> SOURCE MATERIAL
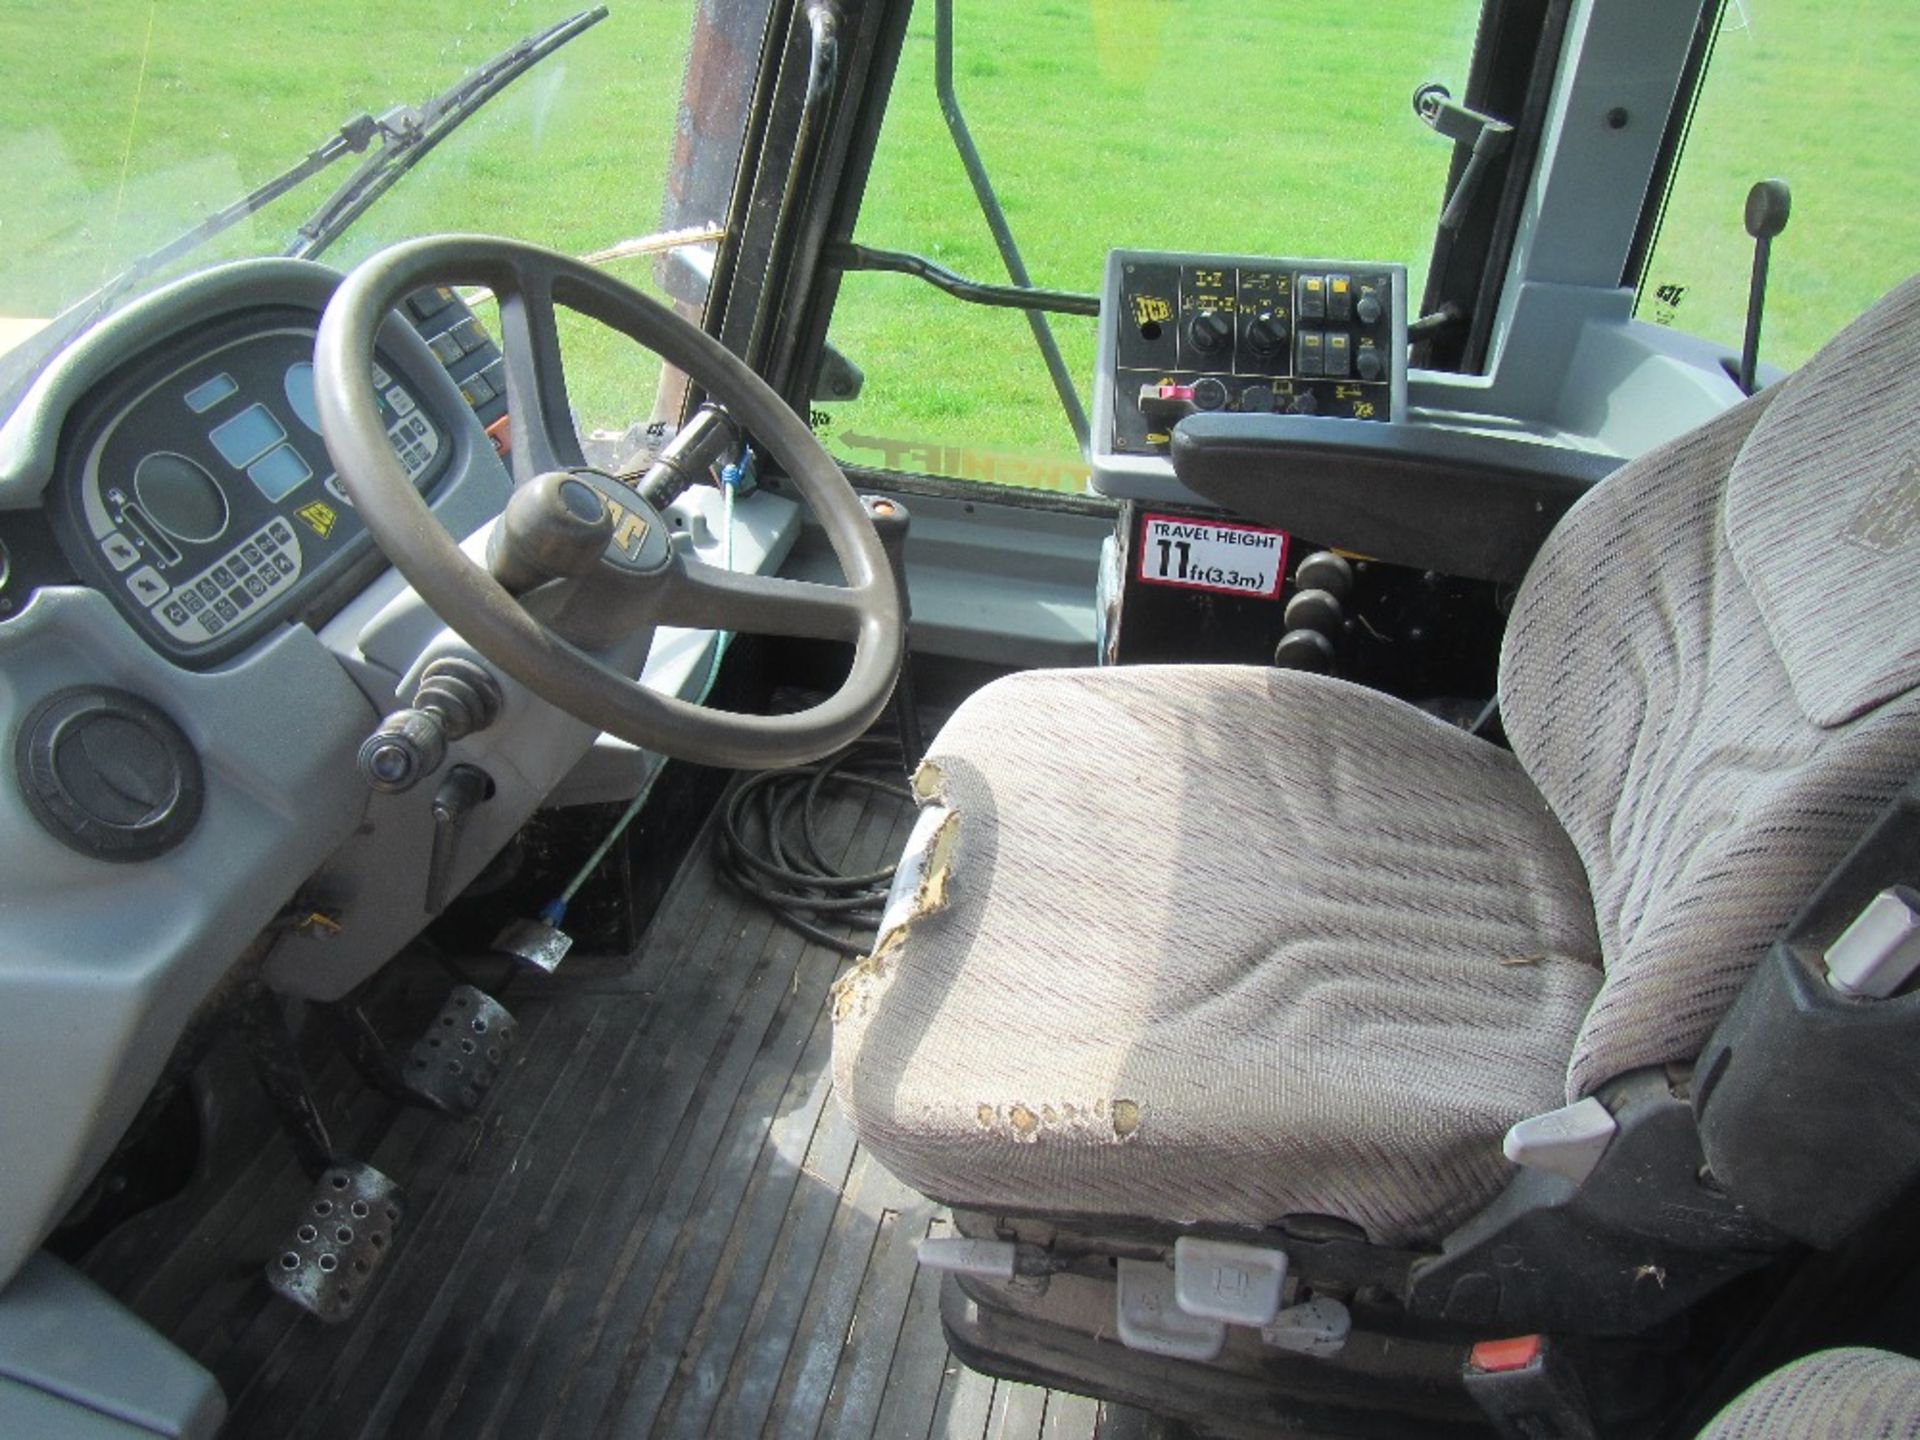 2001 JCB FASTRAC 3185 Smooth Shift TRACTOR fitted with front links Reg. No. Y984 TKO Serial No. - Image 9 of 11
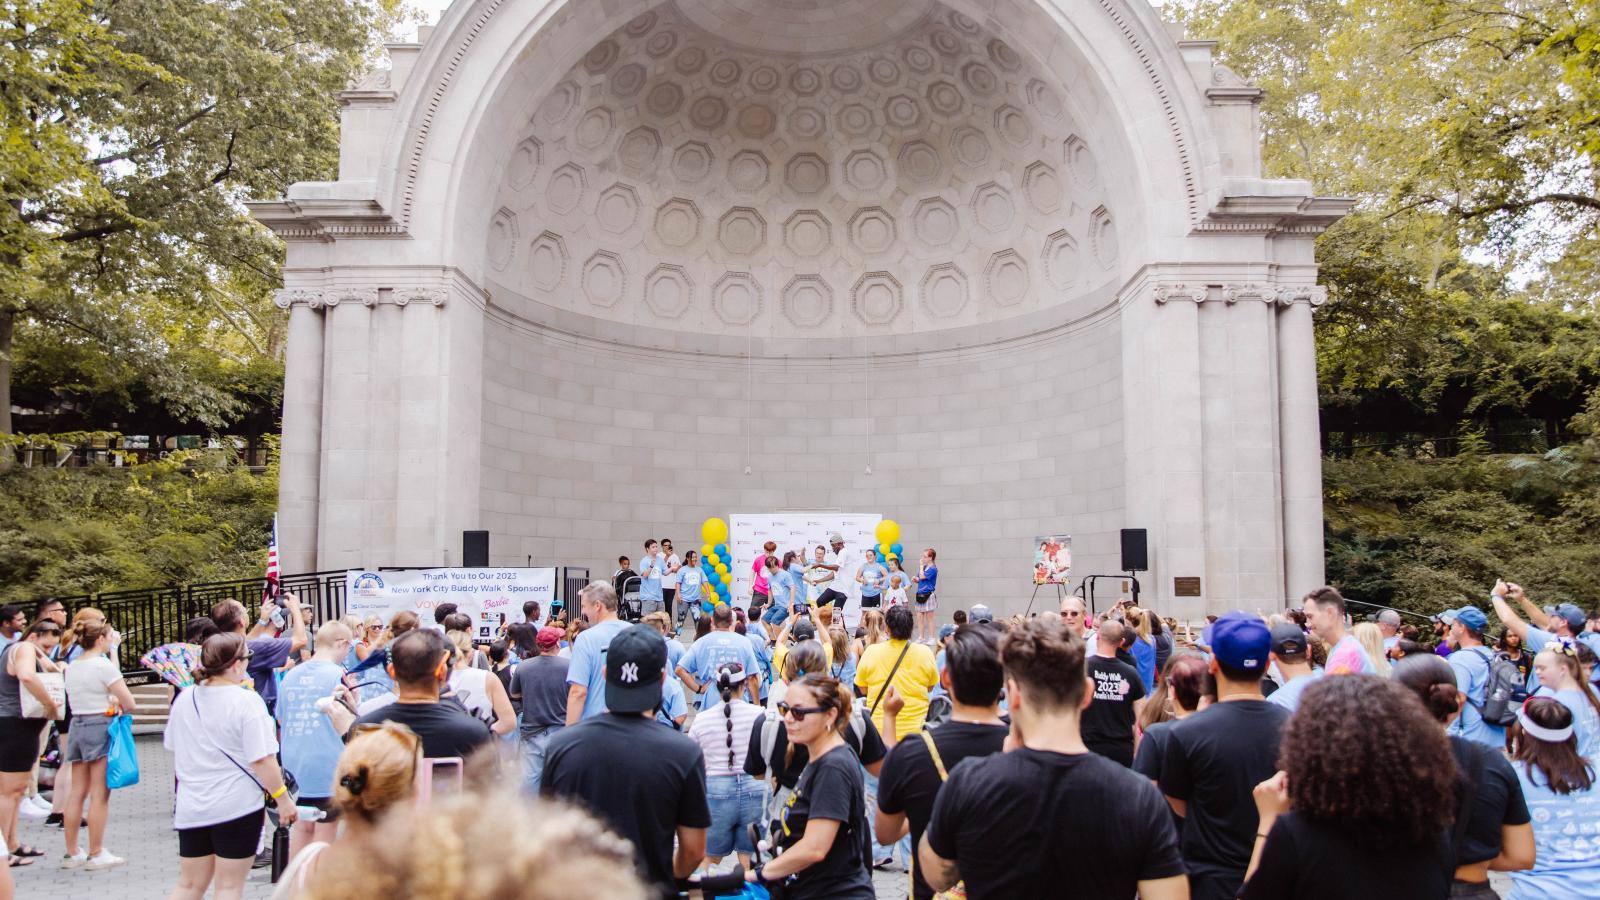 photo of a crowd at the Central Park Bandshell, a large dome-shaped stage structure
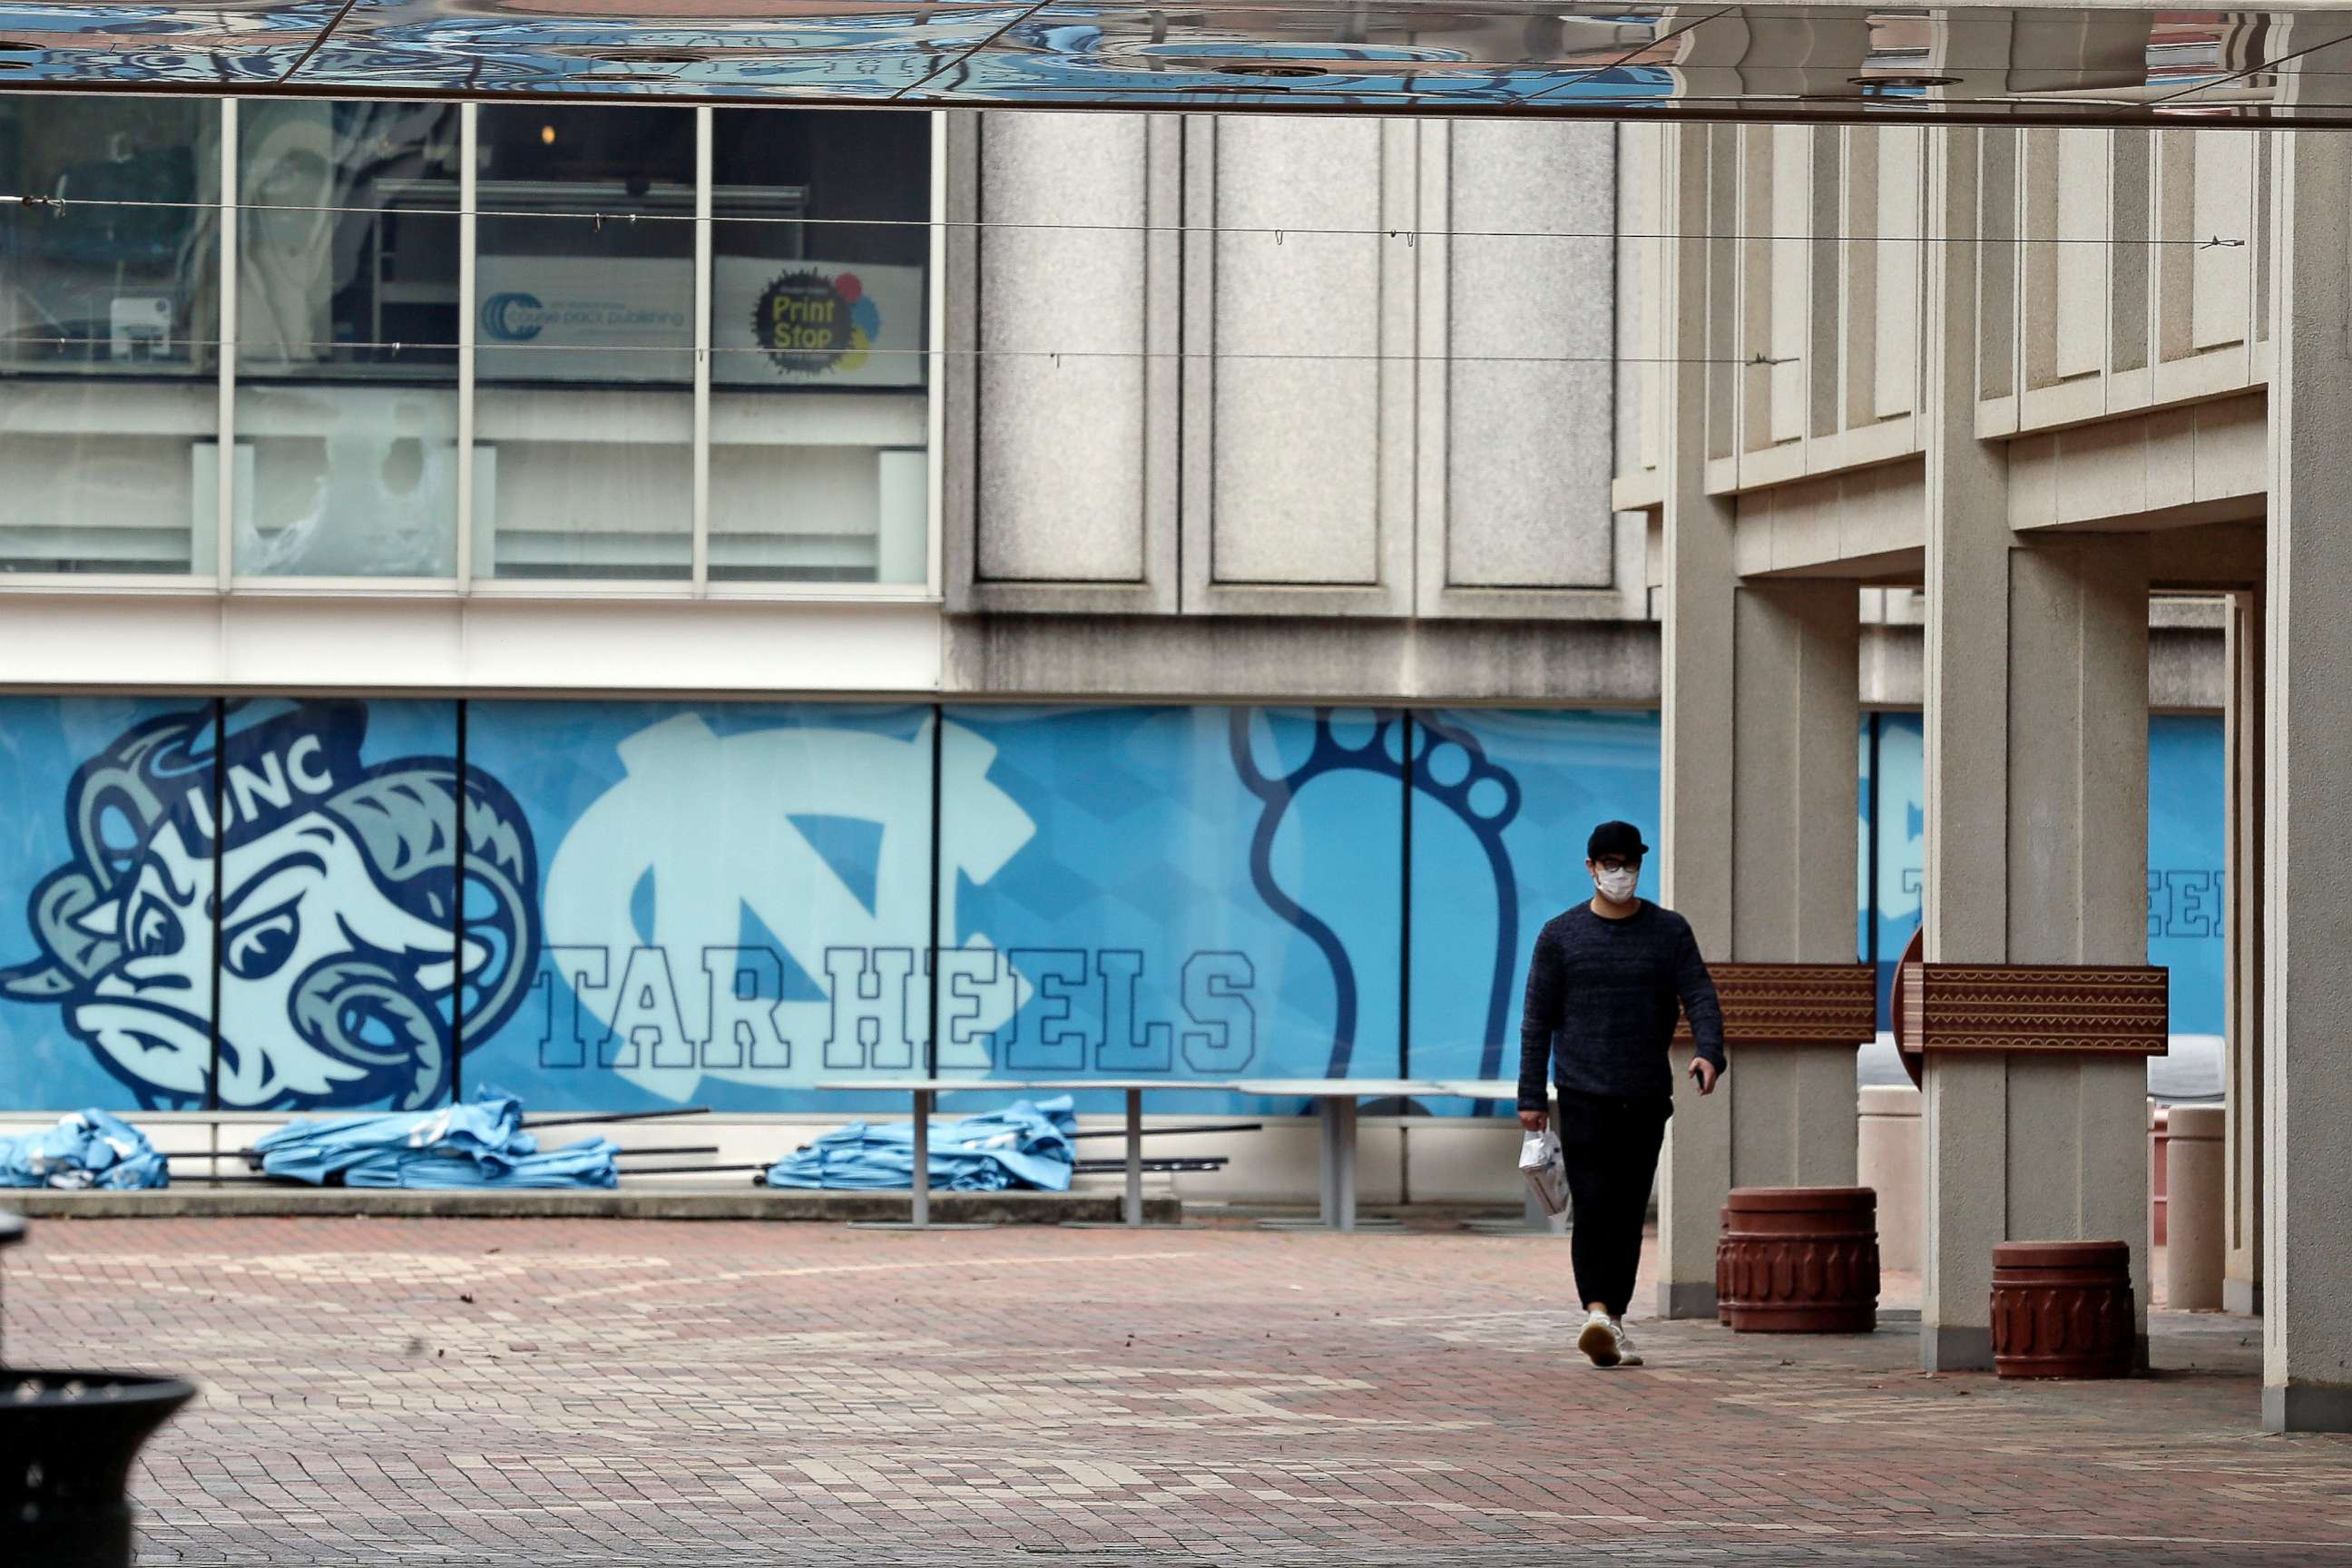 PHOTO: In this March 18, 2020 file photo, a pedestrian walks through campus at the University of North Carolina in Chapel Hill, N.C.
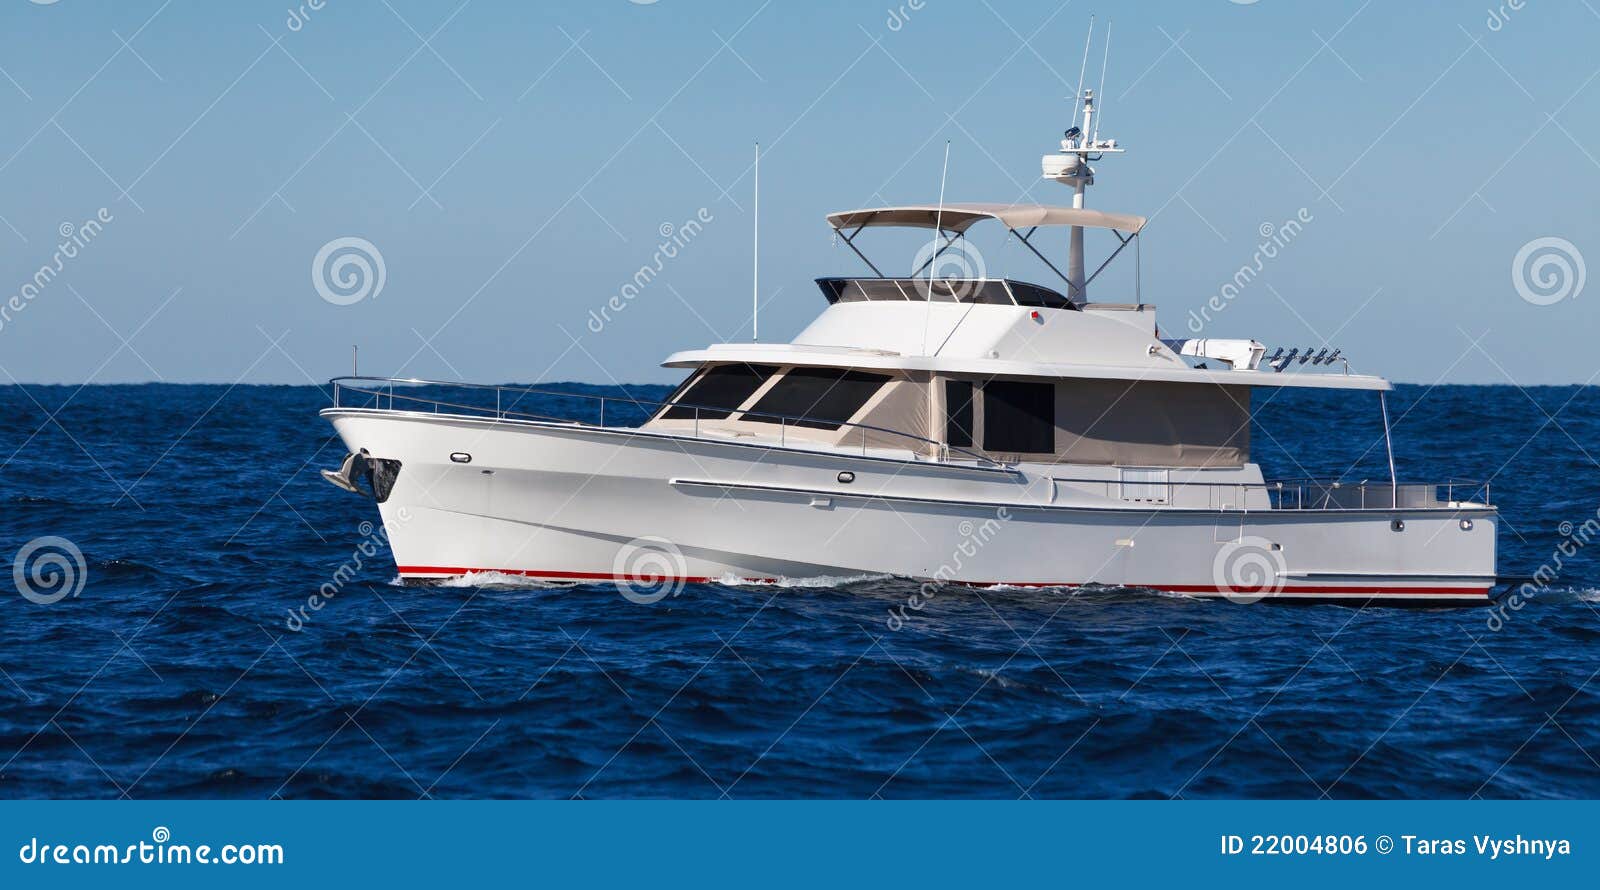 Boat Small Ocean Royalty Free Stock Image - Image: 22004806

> ABOUT THIS EXERCISE
Copy exactly the lines running from the beginning of the listing through the line that has "PHOTO: In this". Drop the pictures.

> TASK ANSWER
 2001 JCB FASTRAC 3185 Smooth Shift TRACTOR fitted with front links Reg. No. Y984 TKO Serial No. - Image 9 of 11
 photo of a crowd at the Central Park Bandshell, a large dome-shaped stage structure
 PHOTO: In this March 18, 2020 file photo, a pedestrian walks through campus at the University of North Carolina in Chapel Hill, N.C.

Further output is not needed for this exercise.